Exactly. You have to account for BOTH citations together before cavalierly dismissing either. Occam's Razor anyone?

Stone
 
First hand report. He encountered a person, James, whom he identifies as Jesus' brother. And indeed the Gospls assign to Jesus a brother of that name.

Yeah but herein lies the problem: the gospels were written late, and their writers probably had access to Paul, so it's not really corroboration so much as using an interpretation of the already-vague word "brother" to assign Jesus a real brother, whether that's true or not.
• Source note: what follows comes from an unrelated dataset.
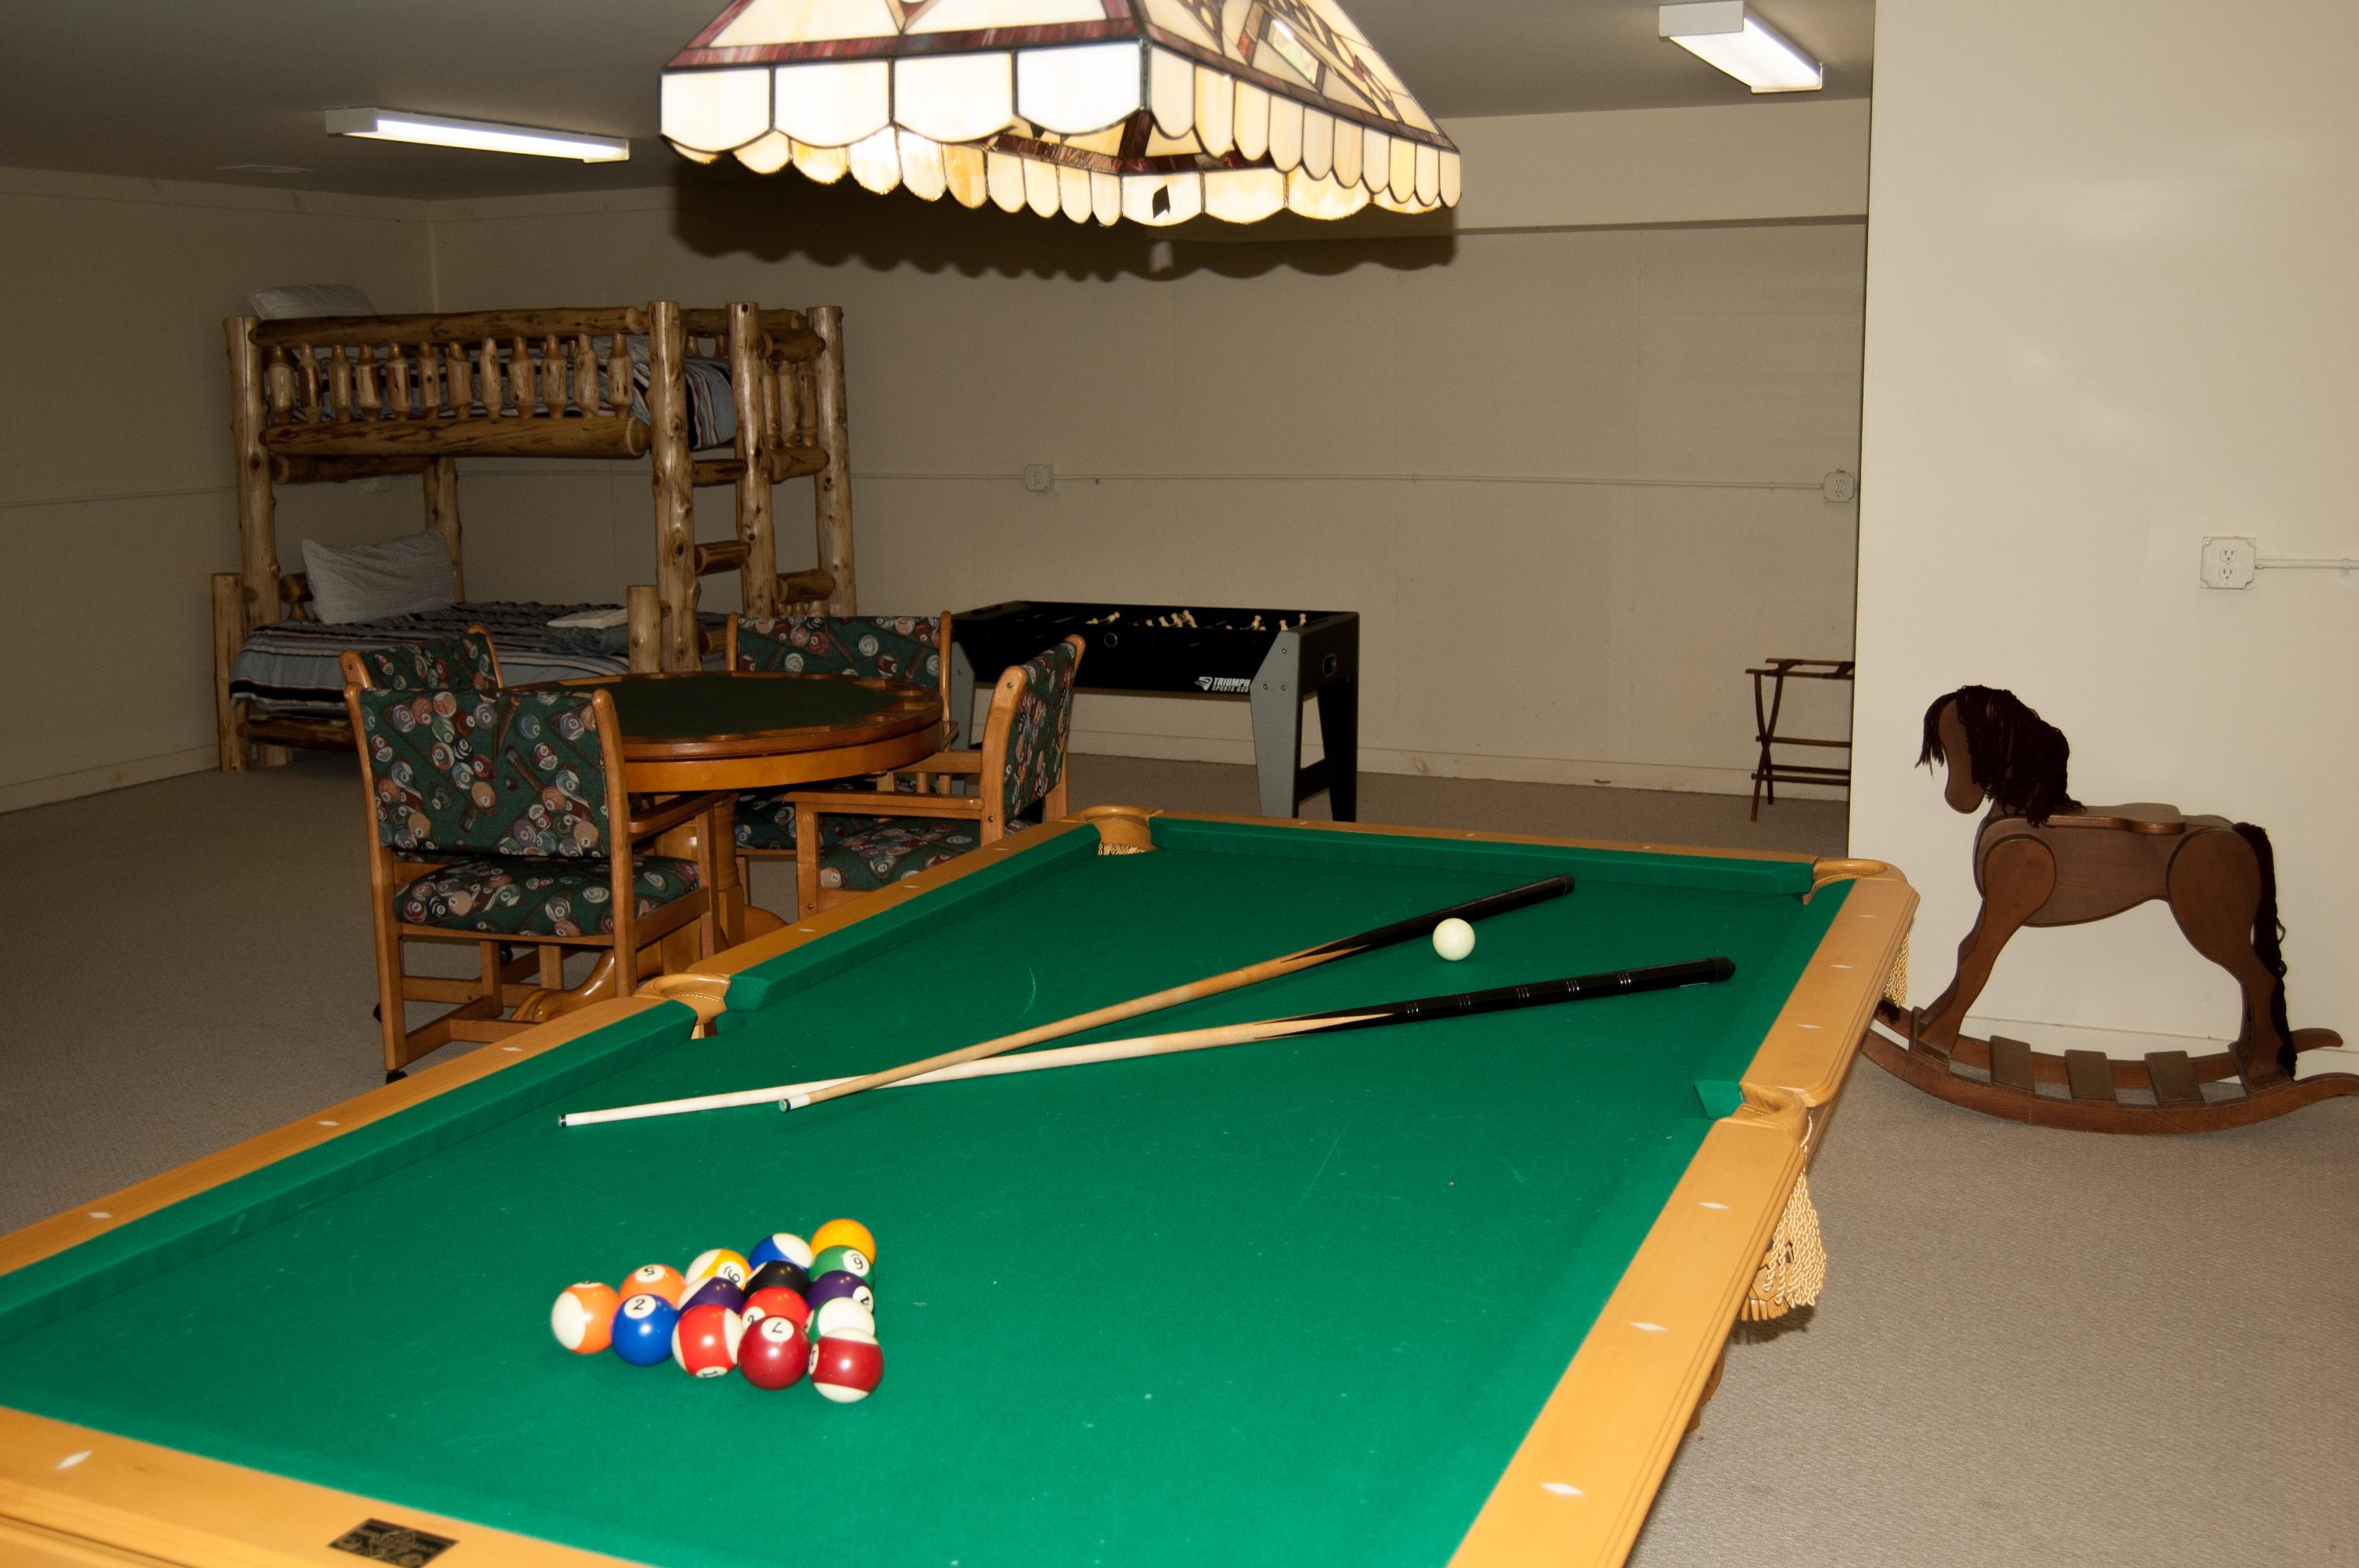 regulation size pool table

People have been using family relation words metaphorically for thousands of years.
 
Uh, the "The Gipper" originally the nickname of a college football player who played for the University of Notre Dame. Real name George Gipp. Born February 18, 1895 died December 14, 1920.

It is the role Reagan played in Knute Rockne, All American (1940). While he used it a lot in his political campaign there is no evidence he had this as a nick name before then.

Louis Cannon's 1991 President Reagan: The Role of a Lifetime claims "The article said that Reagan had told Israeli Prime Minister Yitzhak Shamir, during his November 29, 1983 visit to the White House, that the roots of his concern for Israel could be traced to World War II when he photographed the Nazi death camps."

As "Blumenthal, Reagan, and the Big Lie" (May 30, 2010) American Thinker shows there are problems with the claim and we are not sure Reagan actually made it.

WTF? This has NOTHING to do with my point at all. So one can Google and find out. Big deal.

That has nothing to do with my point: Obviously, plenty of people have referred to Reagan as the Gipper WITHOUT KNOWING WHY HE'S CALLED THAT AND NOT EVEN BOTHERING TO INQUIRE. Its derivation has DIDDLY-SQUAT to do with the fact that many don't even care. Where it comes from is totally beside the point. So you now know where it comes from -- WHOOP-DE-DO. Many don't/didn't and still call/called him that. THAT'S the real point. Duh.

Stone
 
Yeah but herein lies the problem: the gospels were written late, and their writers probably had access to Paul, so it's not really corroboration so much as using an interpretation of the already-vague word "brother" to assign Jesus a real brother, whether that's true or not.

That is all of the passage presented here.